Objectives: The objective of this study was to characterize the demographic, social, economic, and clinical factors of trauma surgery patients leaving against medical advice (AMA).

Methods: Data were retroactively obtained from a level-one trauma center in a medium-sized metropolitan area from January 2017 to December 2021. The sample population consisted of patients admitted or treated by the trauma surgical service.

Results: In the 5-year study period, 130 surgical patients left AMA and met the inclusion criteria for this study.

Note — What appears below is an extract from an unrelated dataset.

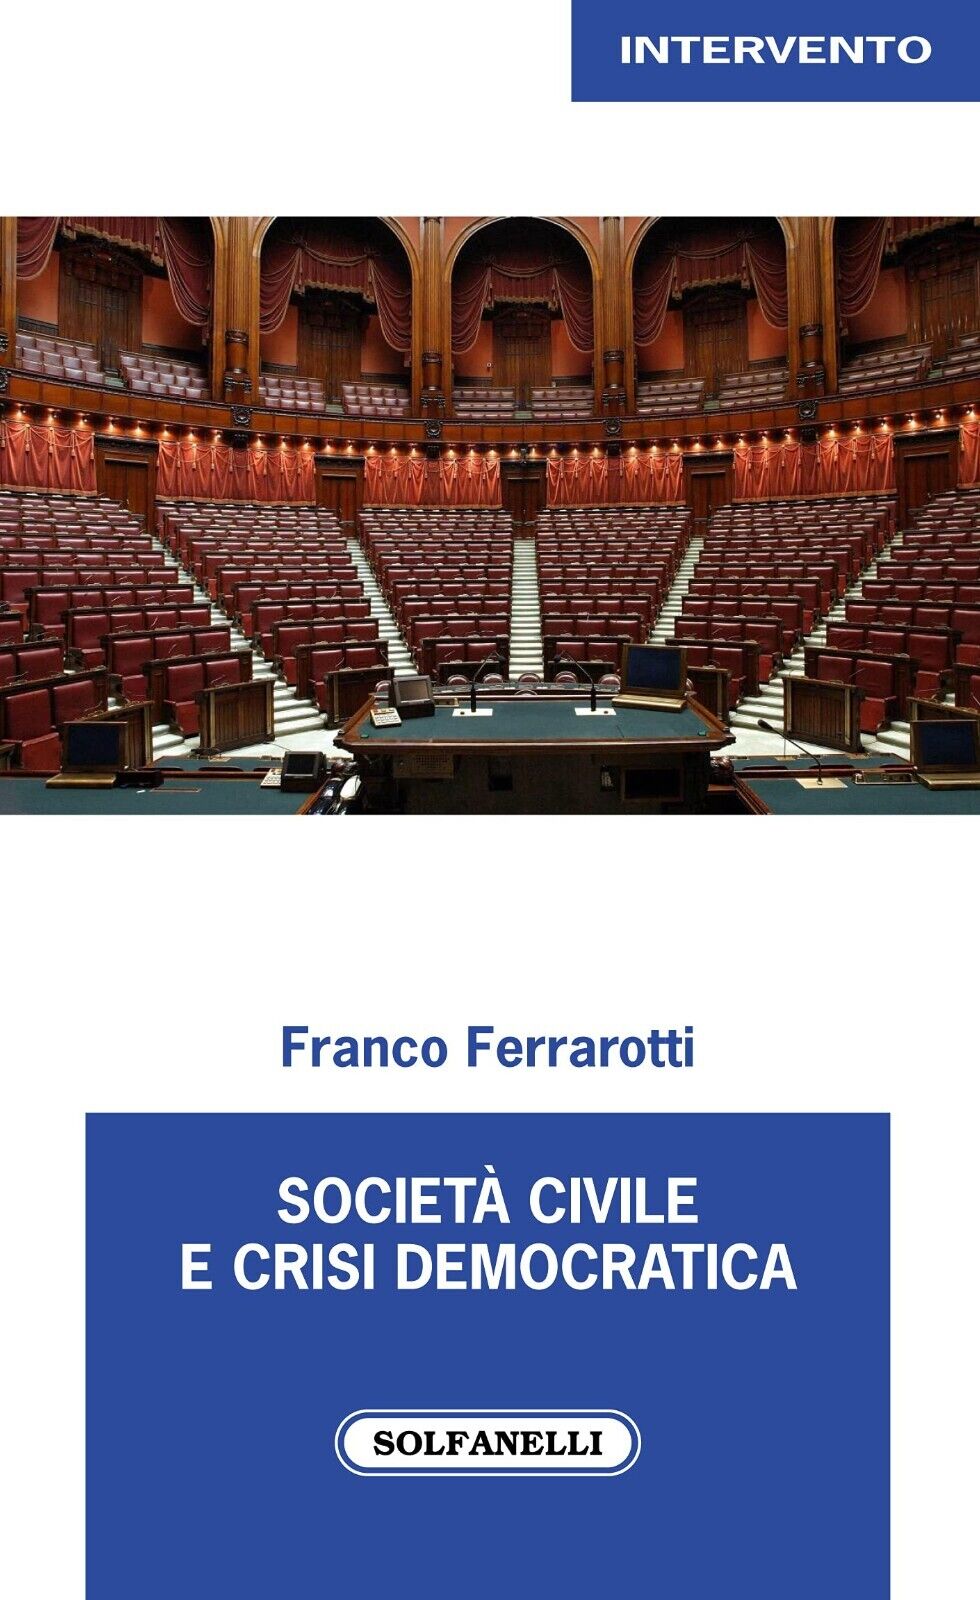 Societ? civile e crisi democratica di Franco Ferrarotti, 2021, Solfanelli

The average patient was 38.8 years old. The majority were male (77.7%) and White (47.7%). It was found that 74.6% of patients had insurance, 23.6% were experiencing homelessness, and 6.2% required an interpreter. A large percentage of patients had a past medical history significant for depression (31.5%), anxiety disorders (25.4%), and substance use disorder (68.5%). Analysis of the hospital time course of this patient population indicated that patients were most often admitted to trauma surgery (70.0%) and most often required consults by neurosurgery (28.5%). Procedures were performed for 81.5% of patients and social services were consulted for 60.8% of patients. Only 50.8% of patients who left AMA were noted to receive discharge instructions. Nearly half (44.6%) of the patients returned to a hospital to receive additional care within 1 month of their initial AMA discharge date.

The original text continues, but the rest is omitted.